Slavery is no stranger to Rosharan societies.  Navani herself is innovating new ways to subordinate Spren to her whims and the material needs of humanity, and she's one we're supposed to be rooting for.

The Lord Ruler oppressed the Skaa for so, so long.  A millennia.  It has only been about three or four centuries that the Skaa have been free since then, that the Terris have not been selectively trafficking and breeding themselves just to stay alive.  And the Set, serving Bavadin, do the same thing with the ones they take.  Because that is what happens when outside Shards take an interest in Scadrial.

One can only hope that Scadrians are not interfertile with non-Scadrian humans, or else... eugh.  No way is anybody going to let them have reproductive autonomy, not when Feruchemy and Allomancy are genetically passed and the need to oppose Retribution is so great.  The Terris will probably go back to how they were in the times of the Lord Ruler, as will the Skaa.

And, honestly?  That's probably going to utterly break Kelsier and Harmony... especially Harmony, considering Tindwyl...  That's probably how we get Discord and why they will love him for it.

Because the Scadrians rejected Bavadin.  They rejected Autonomy, and stayed true to Harmony.  True to Ruin and Preservation.  And you can't reject Autonomy in favor of Harmony without repercussions, without an exploration of what it means to choose Harmony.
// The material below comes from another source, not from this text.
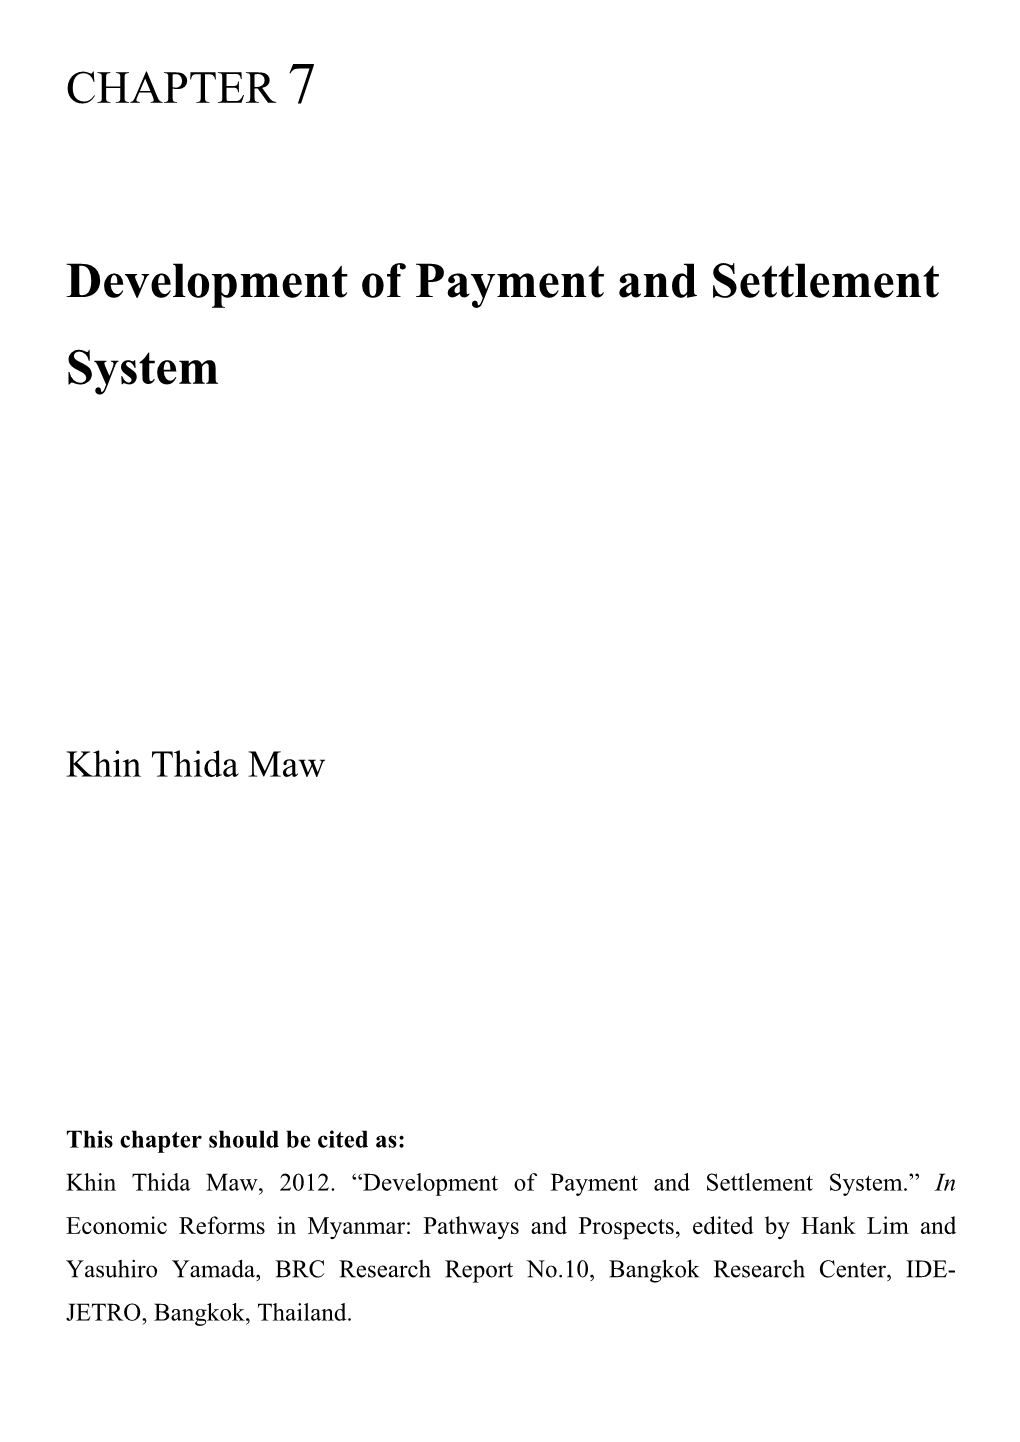 Development of Payment and Settlement System

The Scadrians will, I predict, accept the Rosharans, as the Listeners and Spren did.  And they will end up just as the Listeners and Spren have.  Because they must.  Because it is the right thing to do.  Because the Rosharans in question are refugees, and that is worth everything.  The worth of a world, of a society, of a people, is in how they treat such.  To not accept the Rosharans would be to lose something irreplaceable and eternal.  Something worth more than freedom, more than autonomy, more than life, more than the world.  

For what shall it profit a man if he shall gain the whole world, and lose his soul?

Edited by Aliroz-The-Confused
Posted (edited)

My reaction: “whelp. That’s a pretty pessimistic reaction to Chouta.”

Edited by BigBadBagsworth
Posted

Furthermore, Midius/Hoid/Cephandrius is obviously involved with this.  He plays favorites with worlds and with peoples, and it's obvious that his favorites are the Roshar system and the Rosharans (especially Alethi).  For someone who's supposed to always put the cosmere first, and who's supposed to be mysterious and otherworldly and unknowable everywhere he goes, he unerringly favors the children of Ashyn... heck, he's literally and figuratively in bed with Jasnah Kholin.

And that makes me wonder whether he planned it like this, whether he was eyeing up Scadrial as a backup planet for his favorites for a long time.

Dang.  Retribution is scary, but I think I'm just as scared of the good guys.

Posted (edited)

It is the correct reaction to Chouta, my friend.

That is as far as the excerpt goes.